Mrs Hart curtly observed: "There was no waspish comment from some junior minister called Ben Bradshaw about that."
She also reminded journalists how she had negotiated extra opening hours and services in GPs' surgeries directly with the profession, avoiding the uproar on the same issue across the border.
And in case her own staff were feeling too comfortable, the minister swept into the briefing room early to remark, 'there are more government press officers than media in here'.
Surely, no surprise then, when a few hours later she announced details of a planned reorganisation of the NHS in Wales and made herself the chair of a new national advisory board for the service.
Rhodri Morgan and deputy Ieuan Wyn Jones are back at the Assembly after a promotional tour to the Ryder Cup in Kentucky.
The first minister was upbeat about Team Wales performance in raising the Welsh profile in the US ahead of the next prestige golf tournament at the Celtic Manor course in Newport.
While the Americans took the trophy, they handed the responsibility for organising the 2010 shindig to Wales.
The display of Welsh memorabilia at the Valhalla course in Louisville stuck in Mr Morgan's mind, in particular the Dragon branded periscopes which allowed the more vertically challenged spectators to view the action over the heads of taller compatriots who were clearly in no mood to move out of their way in the gallery.

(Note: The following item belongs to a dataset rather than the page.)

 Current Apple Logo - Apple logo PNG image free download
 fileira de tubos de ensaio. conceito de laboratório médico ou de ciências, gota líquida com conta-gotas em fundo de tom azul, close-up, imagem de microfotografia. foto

The two ministers, however, strived to avoid any 'Jim Callaghan moment' (Crisis? What crisis?") after arriving in the teeth of a growing economic maelstrom.
Could it really be so bad for Gordon Brown and Labour?
This poll from the Observer/Politicshome.com predicts a swathe of blue appearing across the map of Wales if a general election were imminent.
Such a change from when Labour Welsh Secretary Ron Davies greeted a 'Tory free zone' in Wales in the 1990s.
Clwyd West Conservative MP David Jones is leading the cautious optimism in his party where, in truth, some must be salivating at the thought of such a landslide.
Not so much a white-wash, more of a blue rinse.
But Vale of Clwyd, Clwyd South, Delyn, Aberconwy all to fall to the Tories, and Ynys Mon to Plaid Cymru...
It's just one poll. No-one has called a general election yet.